More than half of all CRC patients will develop metastasis and the majority to the liver (80% to 90%). The prognosis for advanced non-resectable and metastatic CRC patients with best supportive care is poor by an mOS 5 to 6 months, except for a subset of patients with oligo-metastatic hepatic or pulmonary patients that are potentially curable with peri-operative chemotherapy. The goals of systemic therapy for advanced non-resectable and metastatic CRC therapy are the palliation of symptoms, improved quality of life, and prolonged survival. Systemic therapy for cancers of the colon and rectum are addressed jointly by clinical research and practice. In the 1990s, FU/LV monotherapy was the standard first-line therapy with an approximately mOS 12 months. It was not until the early 2000s that the addition of oxaliplatin and irinotecan to the backbone of FU/LV resulted in an improvement of mOS to nearly 24 months. The introduction of biologic agents monoclonal antibodies (MAbs) targeting vascular endothelial growth factors (VGFRs) and epidermal growth factors receptor (EGFR) further enhanced the efficacy of systemic medical therapy with mOS reaching 36 months and when exposed to multiple lines of therapy an impressive 20% 5-year OS even at the metastatic stage.

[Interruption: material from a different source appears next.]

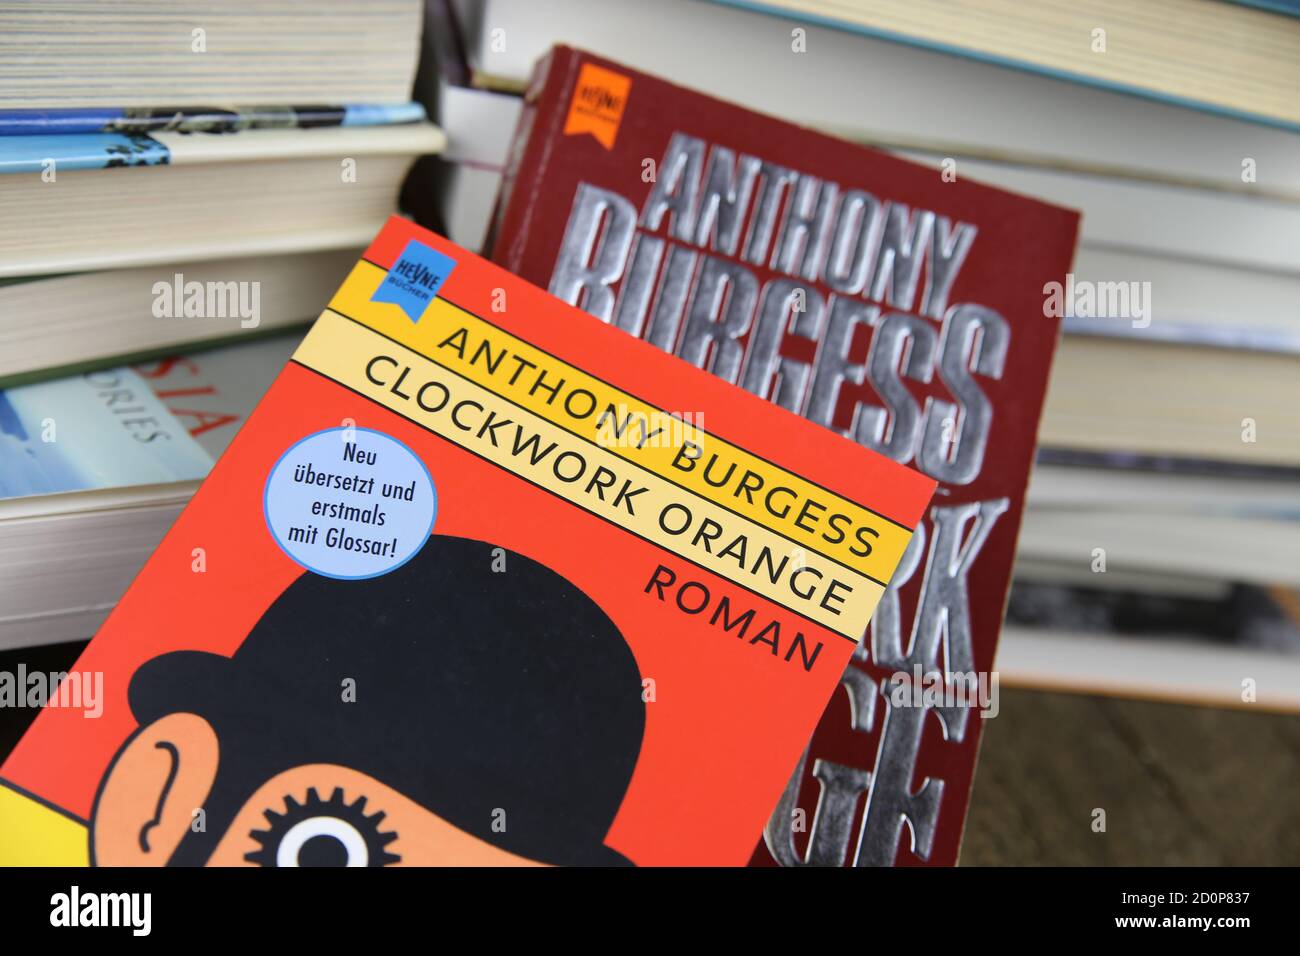 Viersen, Alemania - 9 de mayo. 2020: Vista sobre las cubiertas aisladas del libro de Anthony Burgess reloj naranja con pila de libros de fondo Foto de stock

Current availability of nine different antineoplastic class and more than a dozen drug options (fluoropyrimidines [FU], capecitabine [CAP], S-1, tegafur plus uracil [UFT]), irinotecan, oxaliplatin, anti-EGFRs (cetuximab, panitumumab), anti-VEGFRs (bevacizumab, ramucirumab), recombinant fusion protein (aflibercept), tyrosine kinase inhibitors (regorafenib), antimetabolites (TAS-102, trifluridine/tipiricil), immunotherapy (nivolumab, pembrolizumab) for mCRC has resulted in an abundance of therapeutic possibilities with different combinations and sequences, not yet established. The most appropriate treatment regimen is conceivably the one that generates the highest overall response rate (ORR), greatest impact to metastases for surgical conversion, and/or ultimately offers the longest PFS and OS, balanced with a favorable toxicity profile. Predictive biomarker  (RAS/BRAF type and MMR/MSI status), primary location (tumor and metastasis), patient (performance status and comorbidities), and therapy goals (palliate or conversion) can help guide treatment decisions for specific patient subpopulations.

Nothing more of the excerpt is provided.